Late frost hits SE Idaho potato farm again

Published 11:03 am Wednesday, June 25, 2025

Southeast Idaho farmer Tanner Funk digs potatoes June 23 in a field where no frost damage was found. (Courtesy County Line Farms)

PLEASANT VALLEY, Idaho — Potato farmer Tanner Funk feared a weather-related repeat of each of the last two years.

“When I saw frost on my truck windshield, I almost didn’t want to go dig in the fields,” Funk said early June 23. Funk is a partner and director of potato operations at the sizable County Line Farms.

Freezing temperatures hit southeast Idaho over the June 21-22 weekend and into the early morning of Monday, June 23. Temperatures dropped to 30 or 31 degrees depending on location within the farm, Funk said.

Each Monday and Thursday, he and a crop agronomist dig potatoes in selected fields to check moisture, plant health and other indicators of progress compared to a week earlier.

On the June 23 dig, some frost was found on plant leaves — especially in low areas of westerly fields closest to the desert — “but we feel it wasn’t to the extent we had seen last year,” Funk said.

Frost hits harder when it comes in off of a dry area, he said. Some 30-35% of the farm’s westernmost growing area could have sustained some damage, though it takes a day or two following a dig to determine the extent.
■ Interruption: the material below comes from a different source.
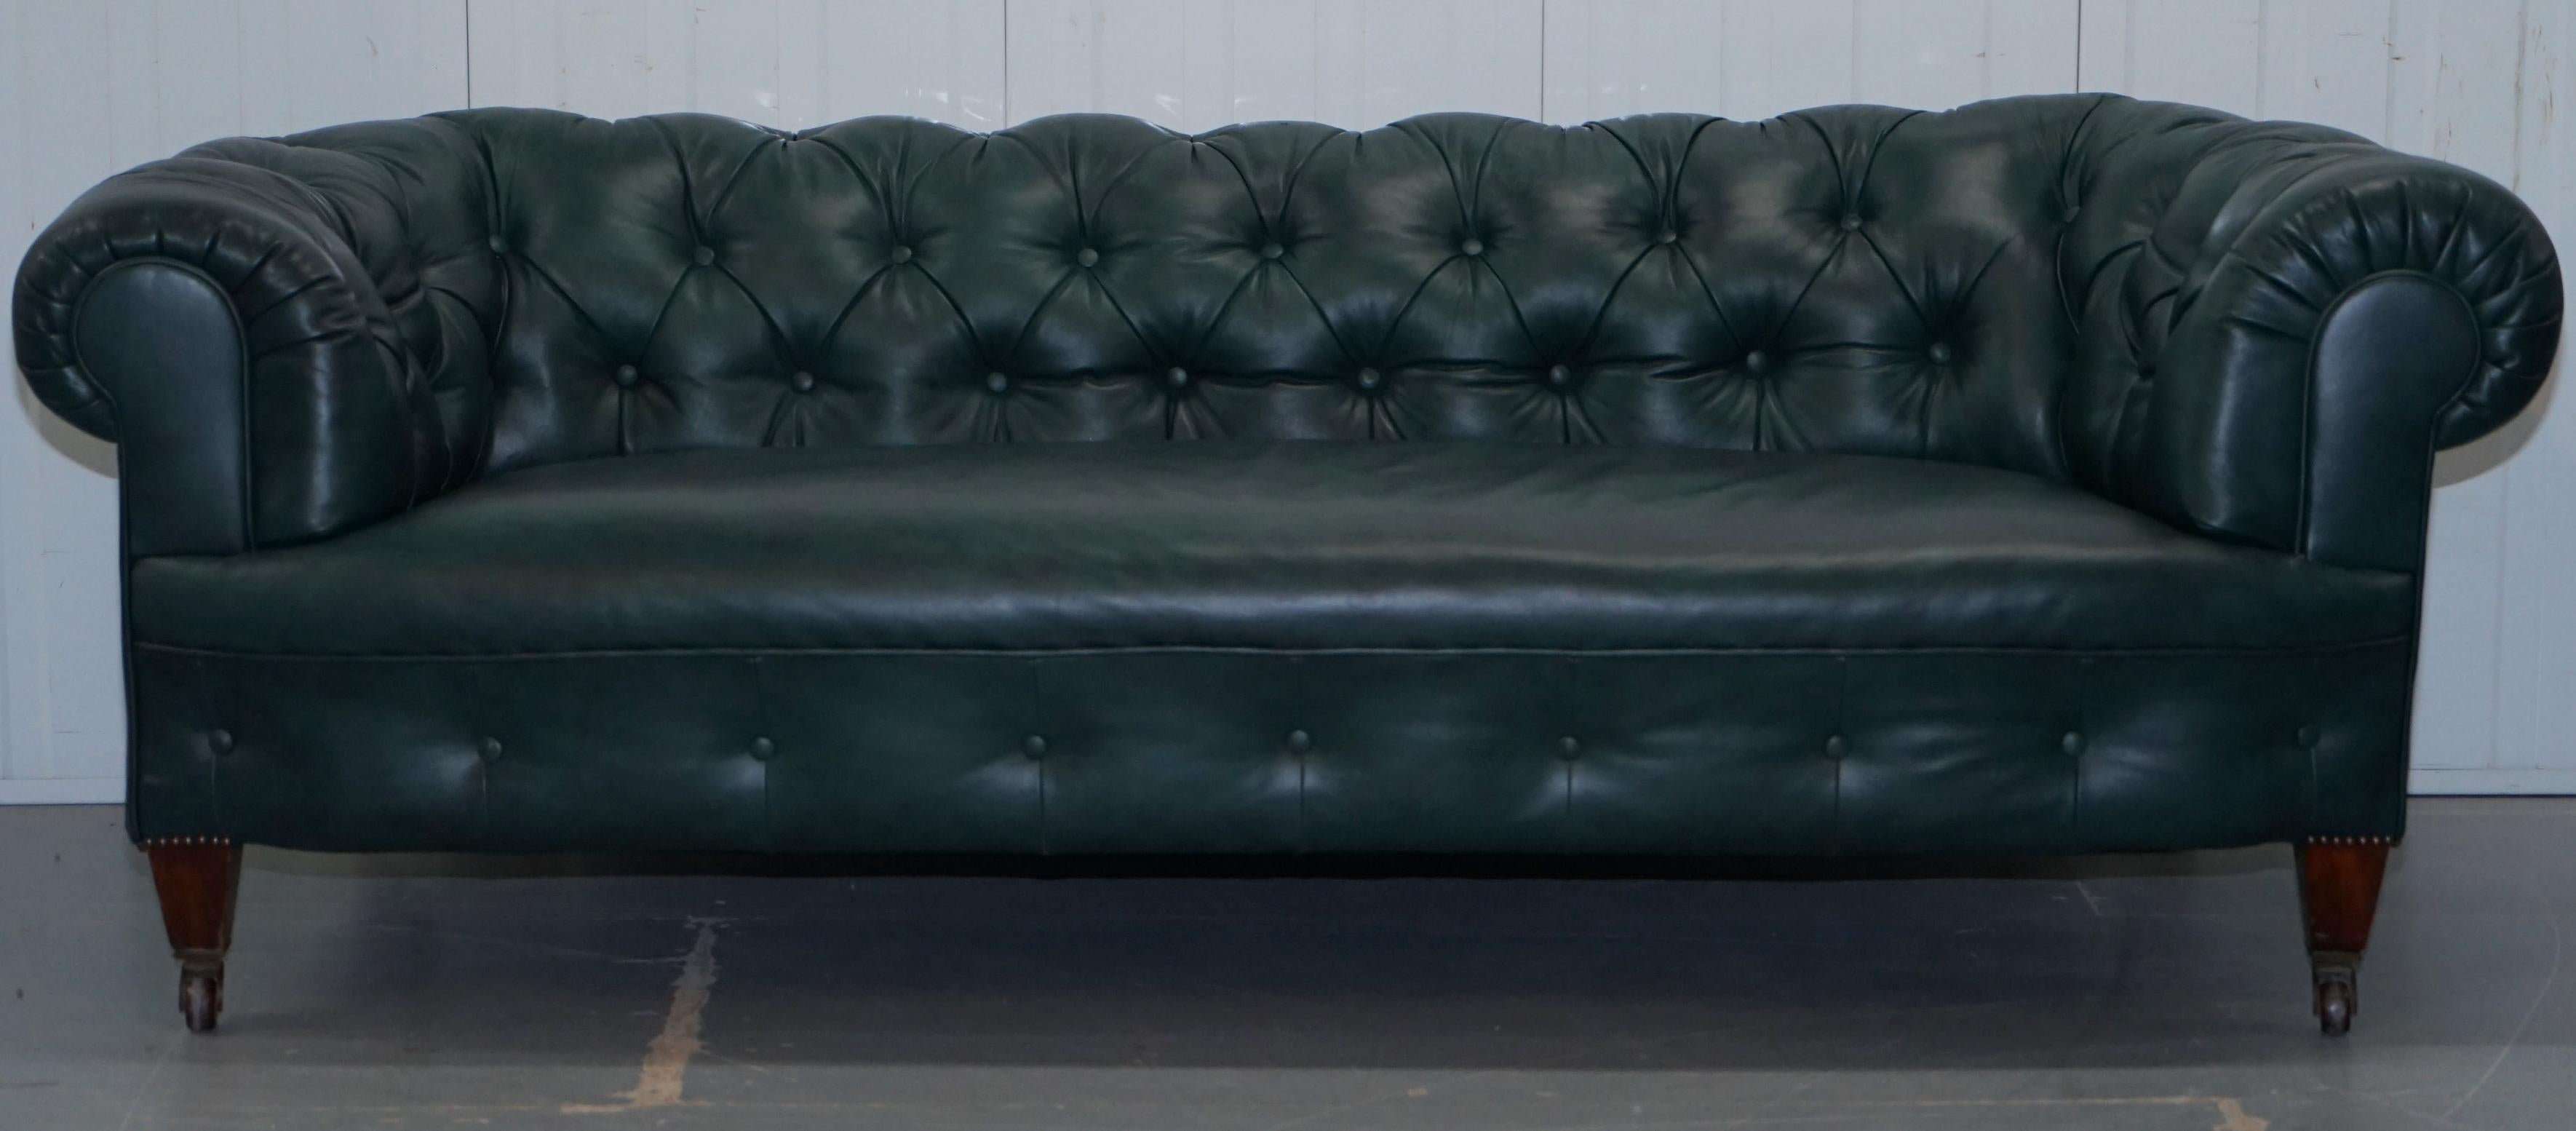 Wir freuen uns, dieses schöne, seltene, original restaurierte viktorianische 1890er Cornelius V Smith Chesterfield Sofa aus grünem Leder zum Verkauf anbieten zu können.

Was soll ich sagen, wenn Sie auf der Suche nach den besten viktorianischen

A year ago following a dig, “I could smell burned foliage,” Funk said. “Luckily this year, I couldn’t.”

How long temperatures stay at or below freezing is a big factor, he said.

“This year, it didn’t seem to stay as cold for as long,” Funk said. But wind ahead of the frost stressed plants, which “had a pretty rough three days.”

“When it freezes in late June, basically you start all over,” he said.

Digging under the potato plant this time of year typically reveals eight to 12 tubers established per seed piece, Funk said.

“If that plant gets frozen, it will stop feeding those tubers and start new ones,” he said. In the Russet Burbank variety, “you don’t want to see 20 tubers underneath the plant because they will never get to our certain size” per contract standards.

“Quality is big for us,” Funk said. “The only way to break even is to maintain that high standard of quality. Frost will affect quality and yield.”

He typically digs two plants in two fields — one on the north and one on the south, or one each in high or low spots, for example. Goals include determining how much nitrogen should be applied to potato plants and assessing disease and insect pressure.

Following a dig, the seed piece is covered so the plant can keep progressing, “but they don’t bounce back 100%,” Funk said.

The farm grows 11 varieties of potatoes — mainly for fry processing — on about 4,800 acres in 33 fields.

“Overall, things look pretty good,” Funk said. “We are digging potatoes we should be digging July 7 instead of July 23,” indicating the crop is progressing ahead of schedule. “Some varieties are still catching up.”

Last year and in 2023, freezes occurred June 21 and June 20, respectively.

Compared to a year ago, while late-June frost damage to potato plants appears to be lower, input costs are higher and contracts call for decreased acreage and price, Funk said.

“We have to have an above-average crop to get out of the cycle,” he said.

The farm also grows wheat, corn, sugar beets and alfalfa — all down in price from a year ago, Funk said.